Nazar_Serdyuk wrote: Let $n, a, b$ be integers with $n \geq 2$ and $a \notin \{0, 1\}$ and let $u(x) = ax + b$ be the function defined on integers. Show that there are infinitely many functions $f : \mathbb{Z} \rightarrow \mathbb{Z}$ such that $f_n(x) = \underbrace{f(f(\cdots f}_{n}(x) \cdots )) = u(x)$ for all $x$. If $a = 1$, show that there is a $b$ for which there is no $f$ with $f_n(x) \equiv u(x)$. We apply $f$ to both sides to get $\begin{*align}f_{n+1}(x)=f_{n+1}(x)\implies f_n(f(x))=f(f_n(x))\implies u(f(x))=f(u(x))\implies f(ax+b)=af(x)+b\;\;\;(\star)$. Now we claim that there are infinitely many linear functions that work.

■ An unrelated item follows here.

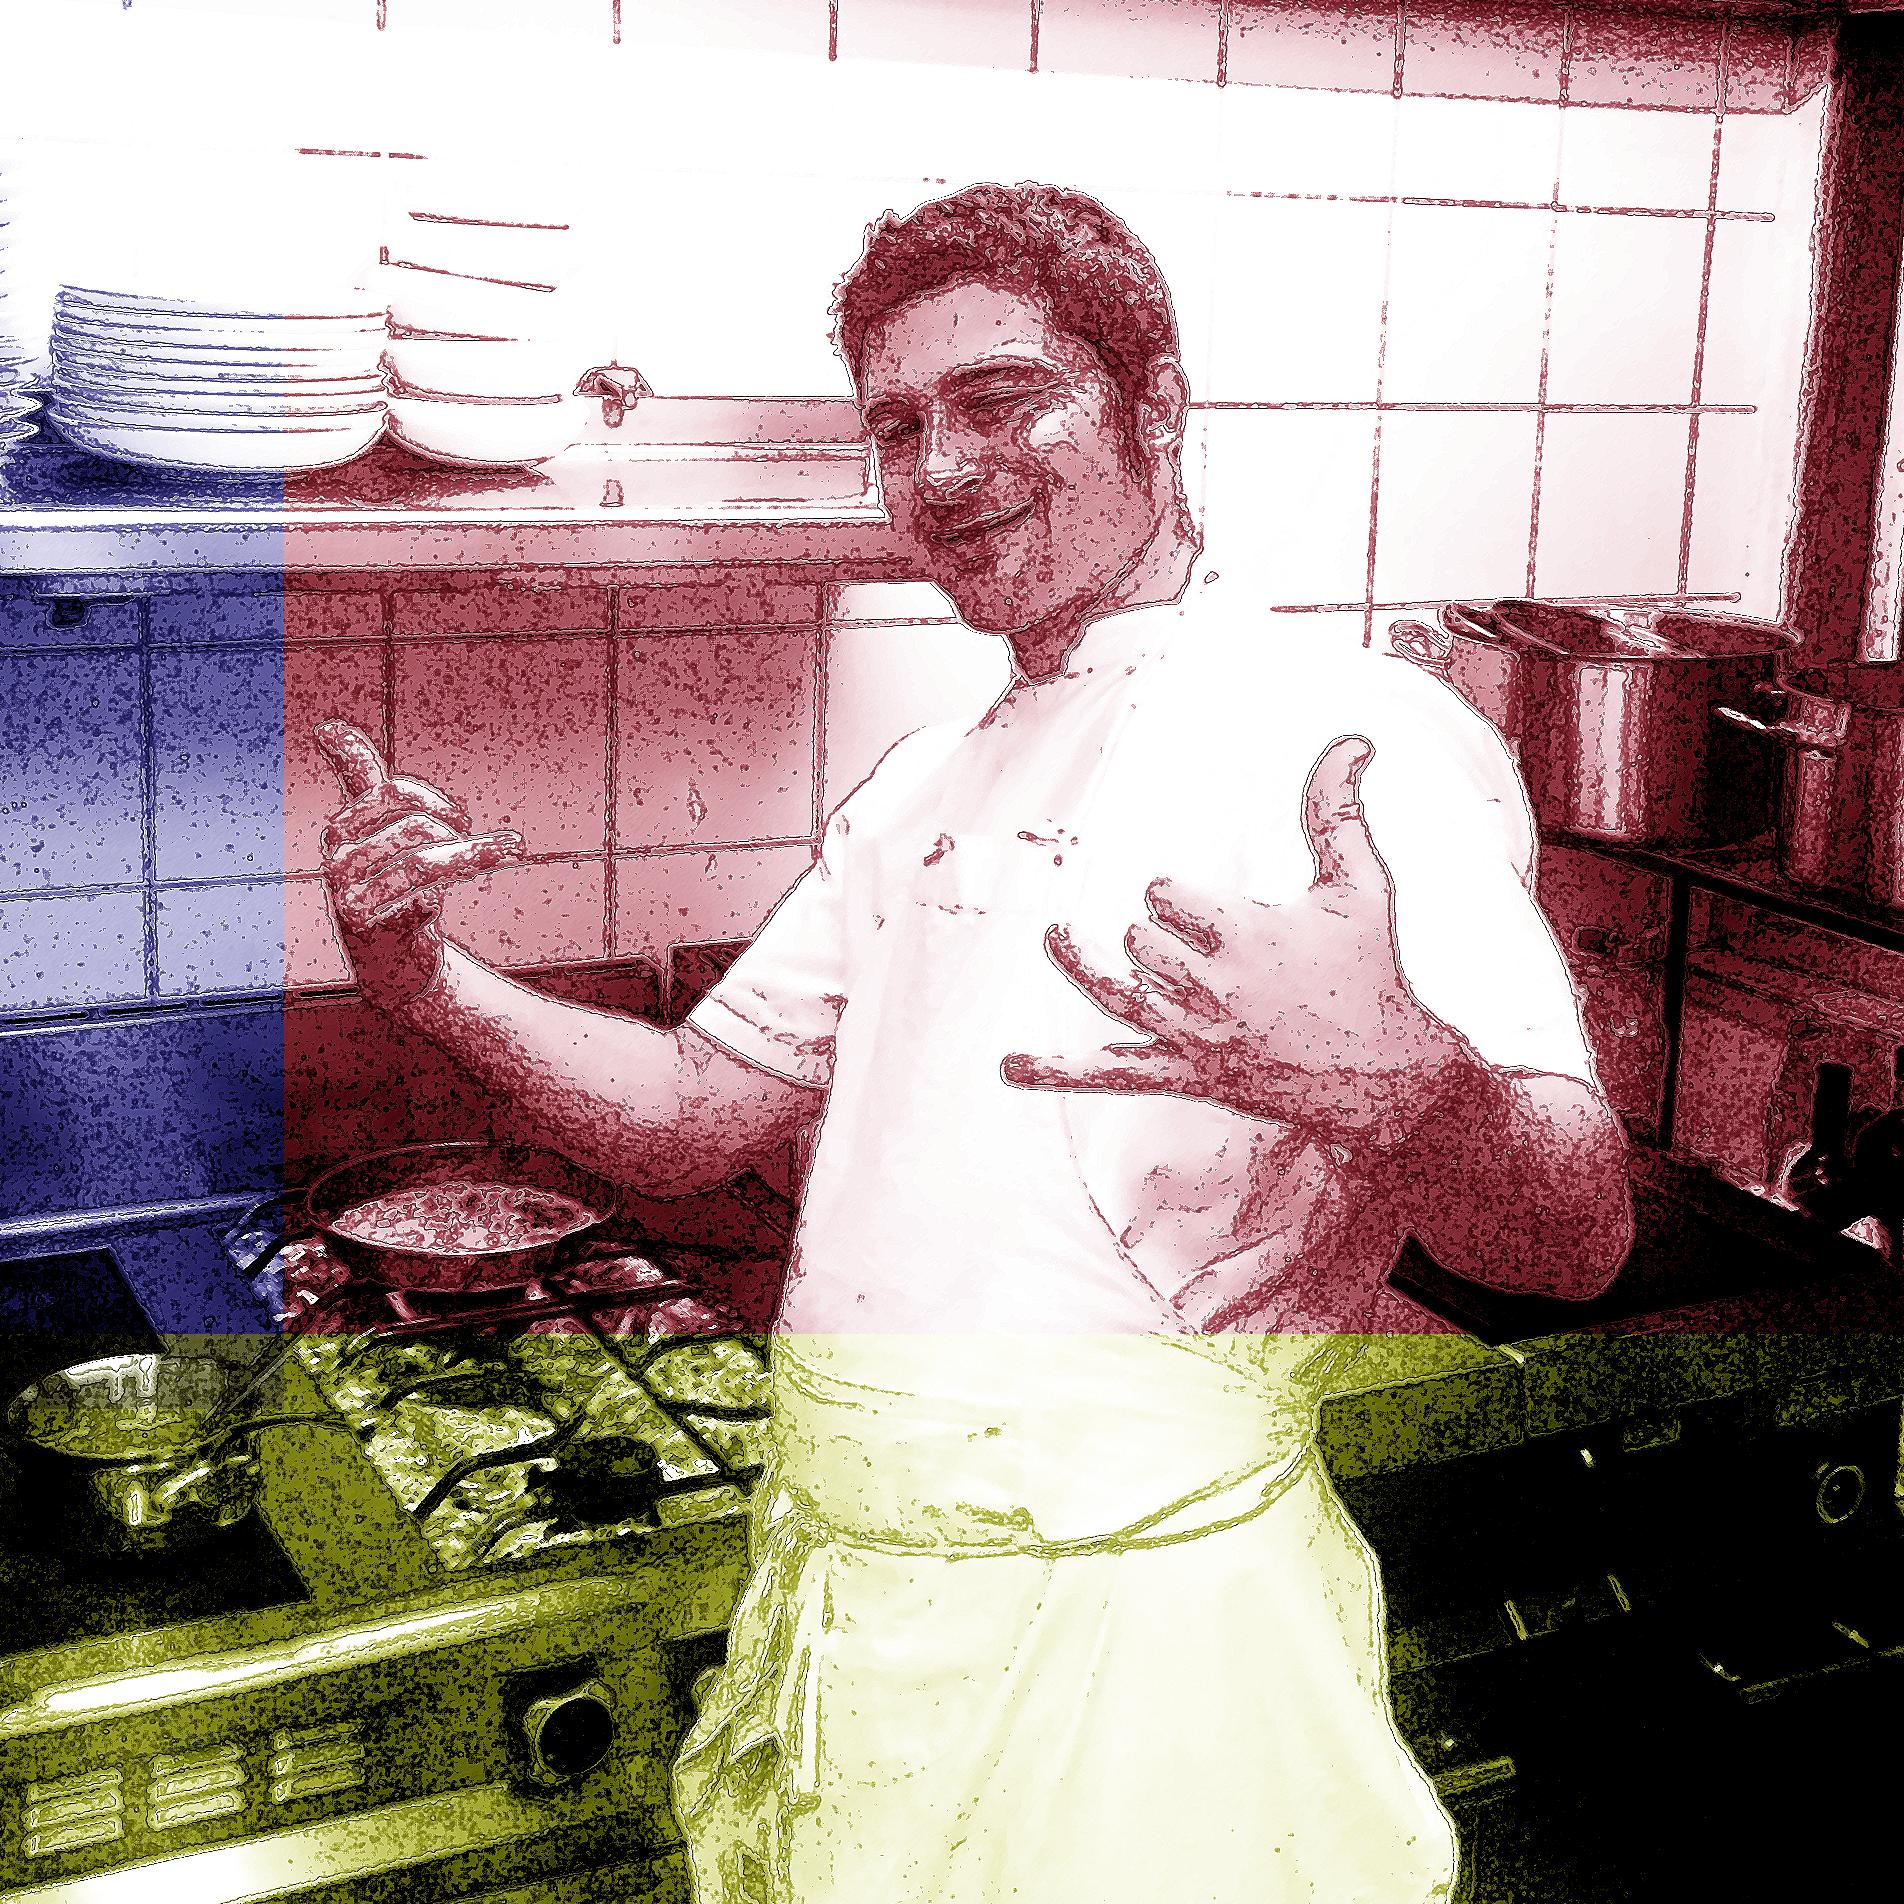 Le chef se lâche / Coquillages & crustacés

Let $f(x)=rx+s$ It suffices to show that $\exists$ infinitely many $r,s\in\mathbb{Z}$ satisfying $(\star)$ .Now comparing both sides we need $br+s=as+b\implies br-s(a-1)=b$. Now this diophantine equation has a solution if $\text{gcd}(b,a-1)\mid b$.But that's trivially true.So this diophantine equation has infinitely solutions in $\mathbb{Z}$.And we are done.

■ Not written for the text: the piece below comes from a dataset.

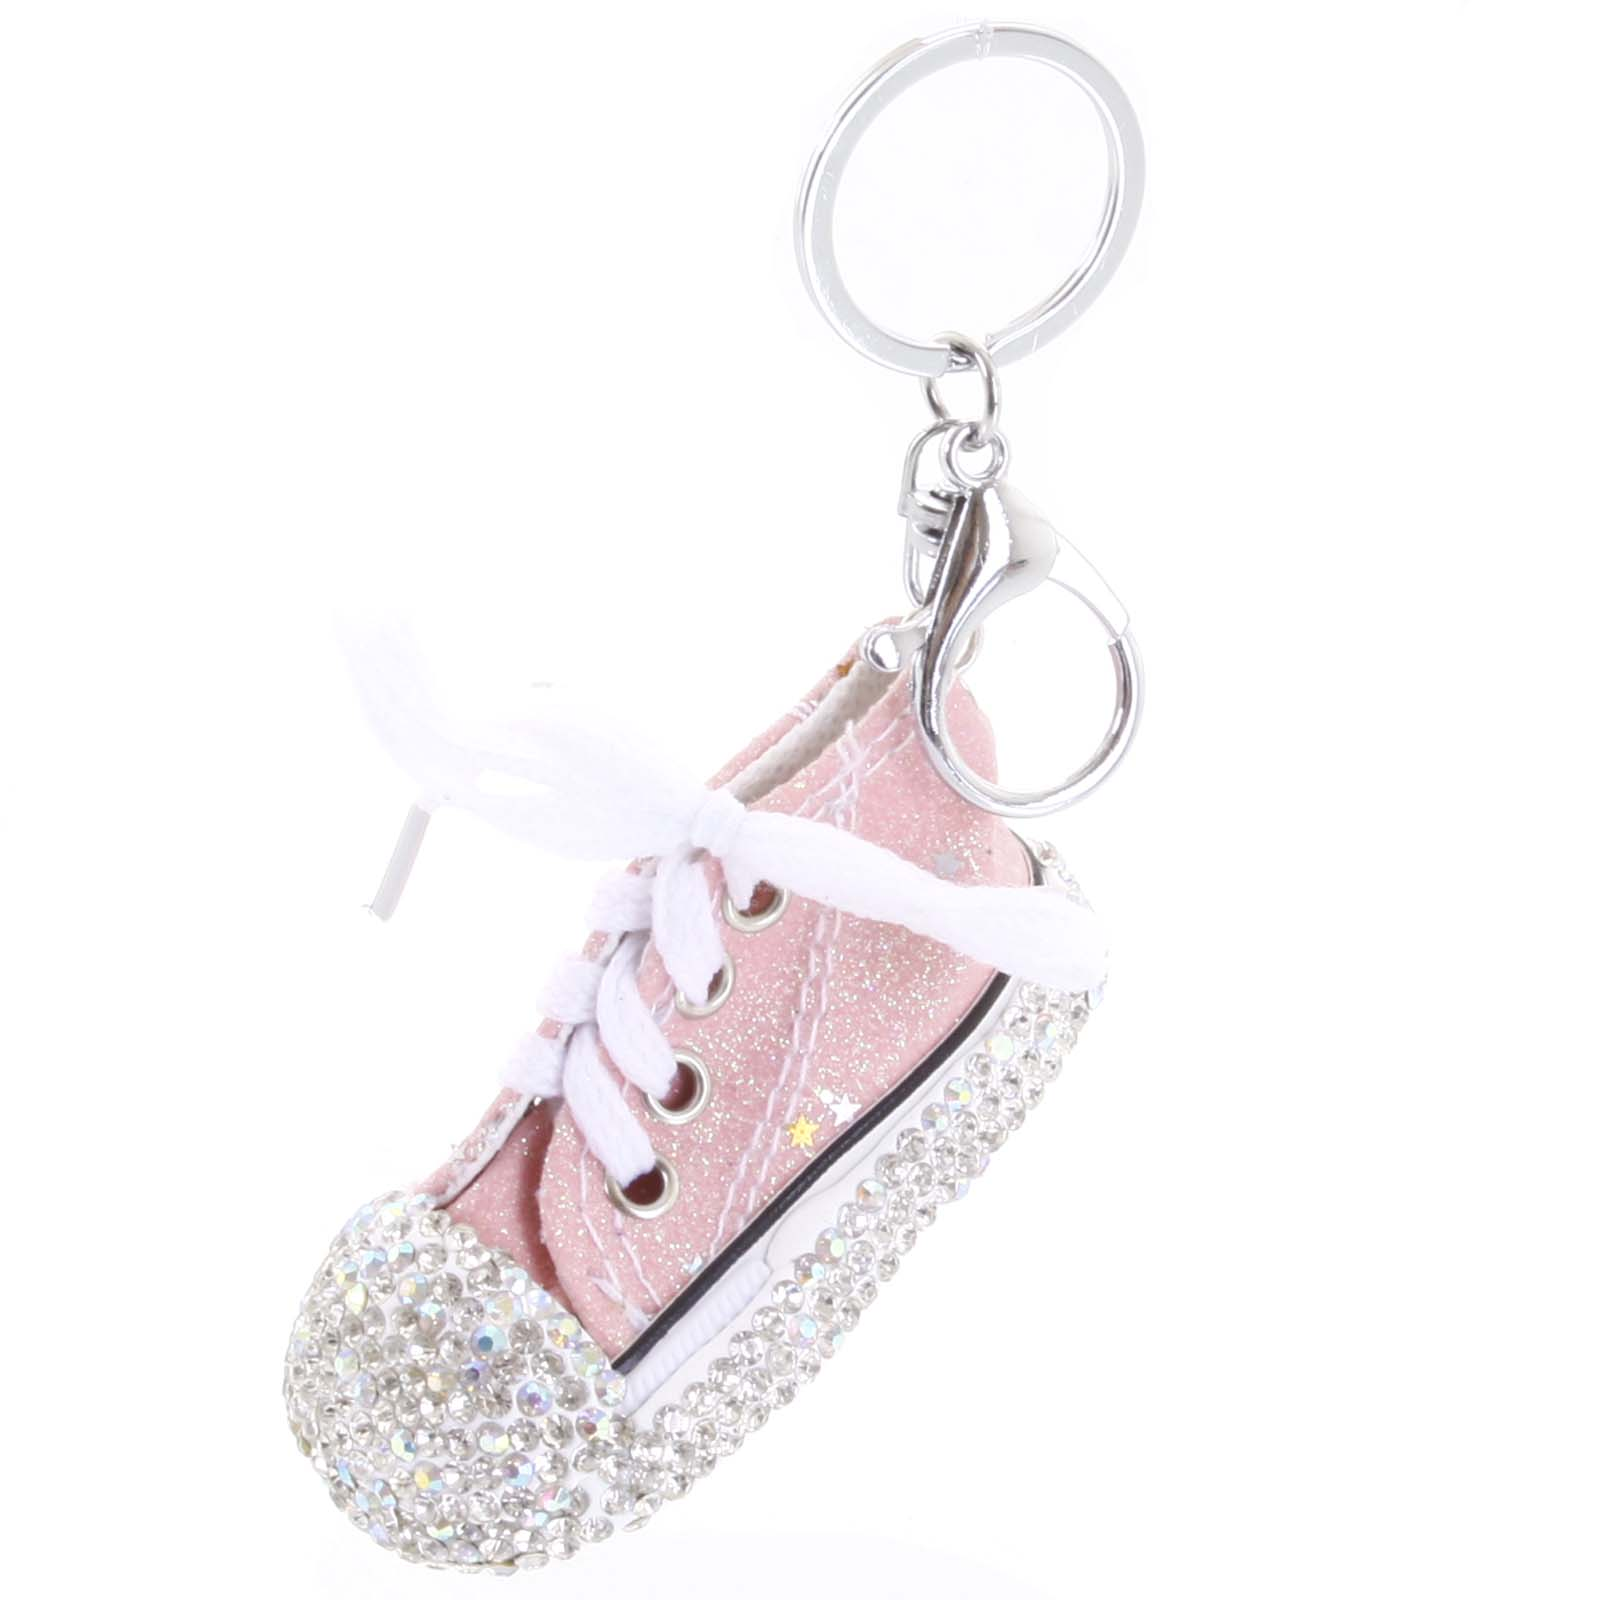 Přívěsek na kabelku růžový - teniska

That's not at all true. Where do you use $n$ in your answer? The usual solution is to (except for $a=0, \pm 1$) is to divide those elements not in the range of $u$ (of which there are an infinite number) into $n$ equinumerous sets, with bijections from the first to the second to the third ... to the last to the first again. There are certainly an infinite number of ways to do this. Then our $f$ is equal to these bijections except for the last one: in this case, it's equal to $u$ composed with the bijection. And $u(f(x))=f(u(x))$, extending $f$ to the range of $u$. Since every element in $\mathbb{Z}$ can be taken back a finite number of times, every element of $\mathbb{Z}$ has $f$ defined on it. Now for $a=-1$, we can divide the set of pairs $\{x, b-x\}$ into $n$ equinumerous sets with bijections from each set to the next, and from the last to the first. And again, take $f$ to be the bijections from one element in the first pair to an element in the second pair, from that to an element in the third pair, and so on: then $f$ is $u$ composed with the final bijection, and $f(u(x))=u(f(x))$. If $b$ is even, we require $f\left(\frac{b}{2}\right)=\frac{b}{2}$. If $a=0$ then it doesn't work: $f(x)=b$ is clearly the only function that works. If $a=b=1$ then it also doesn't work: as joybangla wrote, $f(x+1)=f(x)+1$ so $f(x)=x+c$ for some $c$. But this gives us $u(x)=f_n(x)=x+nc\neq x+1$.